Истина заключалась в том, что нашей любви было недостаточно. Хуже того: мое присутствие несло с собой дополнительную тяжесть для Флейм, а не облегчение. Я был постоянным напоминанием о том, что ей пришлось вынести. Я это ясно видел. Каждый раз, когда она смотрела на меня, она вспоминала; ей казалось, что в моих глазах она видит отражение своих преступлений. Проходили дни, недели, а лучше не становилось. Нам нужно было расстаться, чтобы ее раны могли зажить.
Когда это случилось, удивления я не испытал. Неизбежность расставания стала ясна мне почти с первой минуты. Однажды я вошел в комнату и увидел Флейм, стоящую с письмом в руке. Она помахала листком и сказала мне:
– Послание от канцлера моего отца. Он просит меня вернуться. Они готовы отдать в мое управление всю южную часть Цирказе – для подготовки к тому, чтобы в один прекрасный день стать хозяйкой всего архипелага. Они готовы пойти на многие уступки, лишь бы я вернулась. Это все организовал Райдер.

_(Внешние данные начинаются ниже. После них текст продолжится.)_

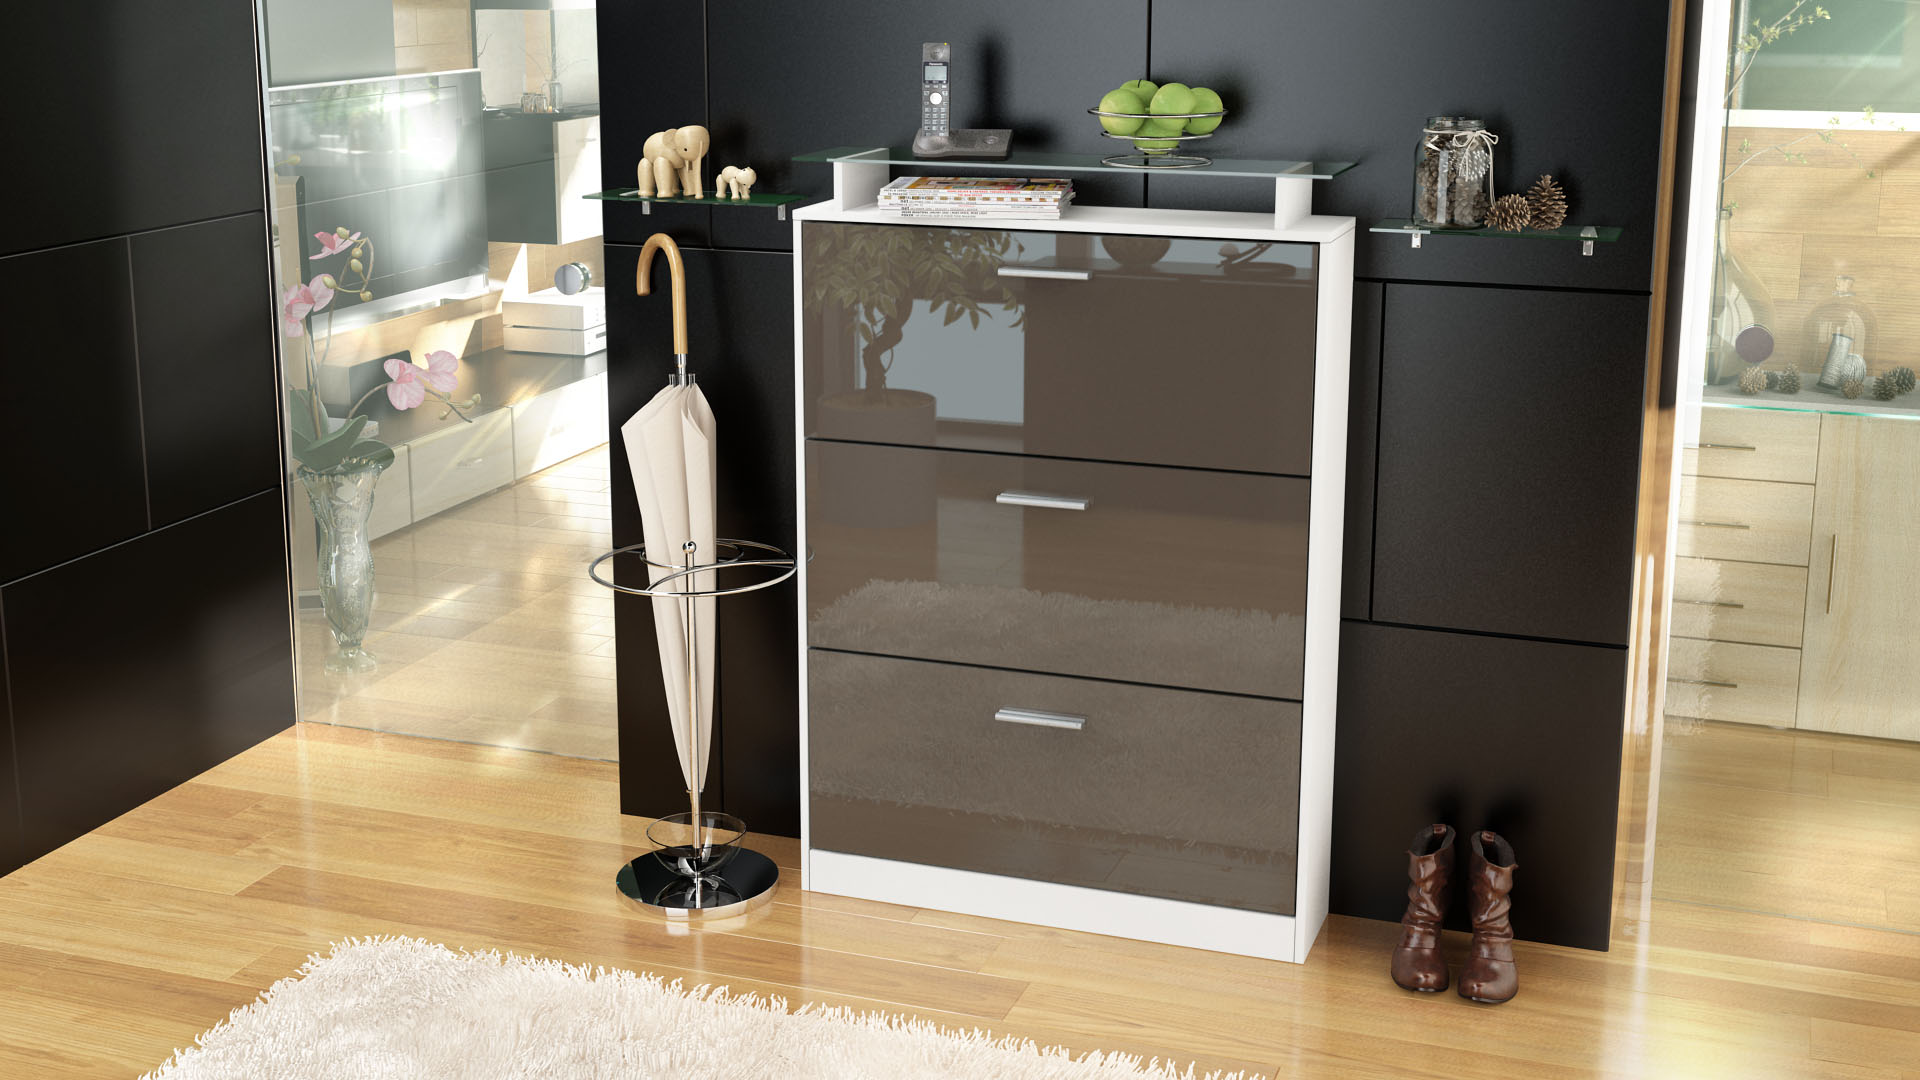 schuhschrank schuhkipper diele flur schrank lavia wei hochglanz naturt ne ebay. Black Bedroom Furniture Sets. Home Design Ideas

Я поник и уставился на собственные ноги.
– Ты уезжаешь, – сказал я обреченно.
– Да. – Флейм боролась со своей болью. – Я должна расплатиться за то, что совершила. Может быть, в роли Девы Замка я смогу многое исправить. – Флейм прошла в другой конец комнаты и стала рассеянно передвигать безделушки на комоде. – Я видела достаточно, чтобы возненавидеть систему правления суверена. Должно существовать чтото лучшее, чем то, от чего я убежала.
Я кивнул.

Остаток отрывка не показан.